Key Engineering Materials ◽

10.4028/www.scientific.net/kem.545.63 ◽

2013 ◽

Vol 545 ◽

pp. 63-68 ◽

Cited By ~ 8

Author(s):

Jongjan Mahadlek ◽

Juree Charoenteeraboon ◽

Thawatchai Phaechamud

Keyword(s):

Drug Delivery ◽

Antimicrobial Activity ◽

Drug Release ◽

Delivery System ◽

Periodontal Pocket ◽

Peppermint Oil ◽

In Situ Gel ◽

In Situ Forming ◽

In Situ Forming Gel

Periodontitis is an inflammatory disease of the supporting structures of the tooth caused by bacterial infection which can result in tooth loss. The local intra-pocket drug delivery system was interesting and highly effective for periodontitis treatment. In situ forming gel system is the polymeric solution which could transform into gel for localizing and sustaining the drug release at desired site. This system has been recommended as one of suitable delivery system for this purpose. Benzoyl peroxide (BPO) in situ forming gels were developed using Eudragit RS as polymer dispersed in N-methyl-pyrrolidone (NMP). Peppermint oil and polyethylene glycol 1500 were also incorporated as the excipients. The prepared systems were evaluated for rheology, syringeability (using texture analyzers), in situ gel formation (after injection into PBS pH 6.8), antimicrobial activity (against Streptococcus mutans with agar diffusion) and drug release (with dialysis method in PBS pH 6.8 at 50 rpm, 37 °C). The viscosity and syringeability of the prepared systems was increased as the amount of BPO, peppermint oil or PEG 1500 was increased.
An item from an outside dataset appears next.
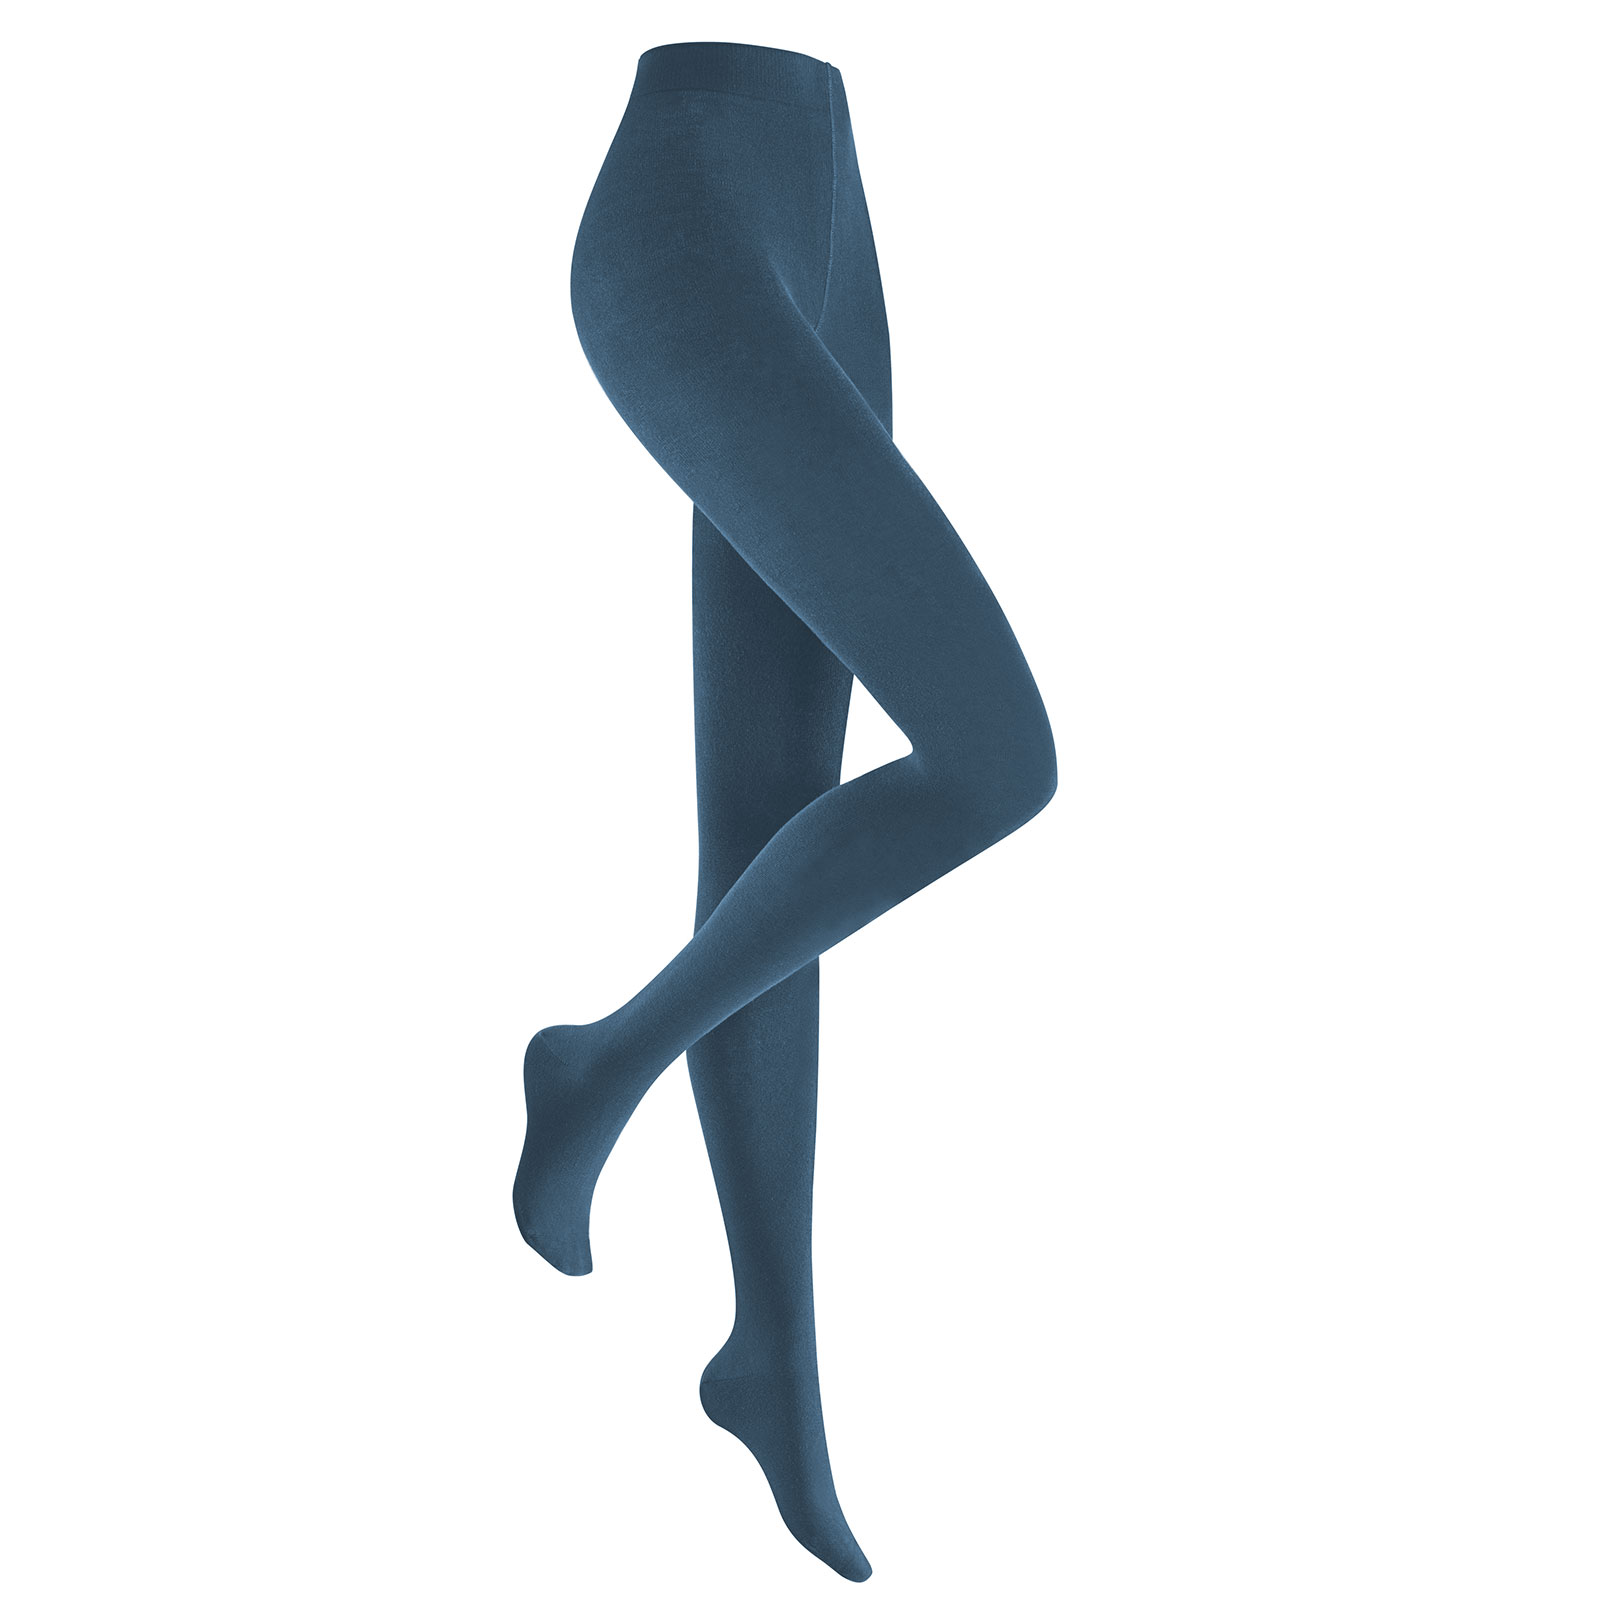 HUDSON Damen RELAX FINE  -  38/40 - Blickdichte Strumpfhose / Strickstrumpfhose mit hohem Baumwollanteil - Blue moon (Blau)

All prepared gels showed the Newtonian flow which the viscosity was decreased as the temperature was increased. All prepared gels comprising peppermint oil and PEG 1500 could form in situ gel in used medium which the pH was close to the environment pH of periodontal pocket. The inhibition zone against Streptococcus mutans of the prepared system was significantly decreased when the peppermint oil and PEG 1500 was incorporated owing to the higher viscous environment and thereafter retardation of drug diffusion was evident. This effect could prolong the drug release. From drug release test, all prepared gels could sustain the BPO release for at least 96 hrs. Release kinetic obtained from curve fitting with various release equations using least square fit technique indicated that the release patterns were as Higuchi’s model therefore the release of BPO was performed with diffusion control. This developed BPO in situ forming gel presented its ability as the controlled drug delivery system for localized antimicrobial activity at periodontal pocket.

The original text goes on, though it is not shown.